JUNE 18 Former broadcast journalist Griffin Scott has posted this plea on his blog for financial assistance from his readers. Scott, who says he was fired after he wrote something fairly innocuous (for Facebook) on his wall, is suing a media giant for his job back. He's framed himself as David going after a bloated media giant, and he's probably not far off.
JUNE 18 Here's a fairly absurd column posted on DIG Magazine about the completely absurd practice of naming killer storms. Tornadoes don't have names. Blizzards don't have names. But hurricanes do, and there's a big process to bestow them, Jacques Cormery writes.
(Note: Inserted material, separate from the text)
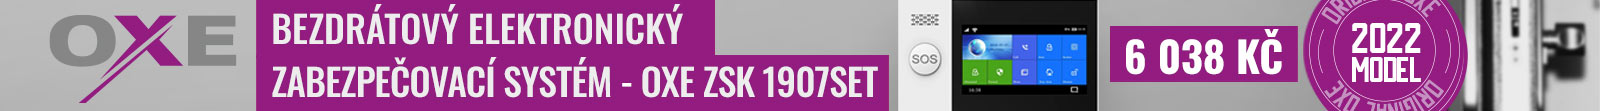 OXE ZSK 1907SET - Bezdrátový elektronický zabezpečovací systém

He's right about the crazy assemblage of names -- this year, there's everything from Tanya to Humberto -- and his idea that we don't waste good names on killer storms is a good one.
JUNE 17 Political columnist John Maginnis has some advice for Louisiana Republicans: grow up. After the schism that occurred in this past session - fiscal hawks teaming up with Democrats to spank the Republican "majority" and hand Gov. Jindal his, er, aspirations for continued solon control -- they need to figure out how to get along with each other, Maginnis writes.
JUNE 17 Here's the Picayune's obit story for Dorothy 'Miss Dot' Domilise, the lady who made poboys at the uptown restaurant that bears her name. Miss Dot moved to New Orleans during World War II, where she met and married her husband Sam. When she passed away Friday she was 90, and had spent more than 60 of those years working at the restaurant on Annunciation Street.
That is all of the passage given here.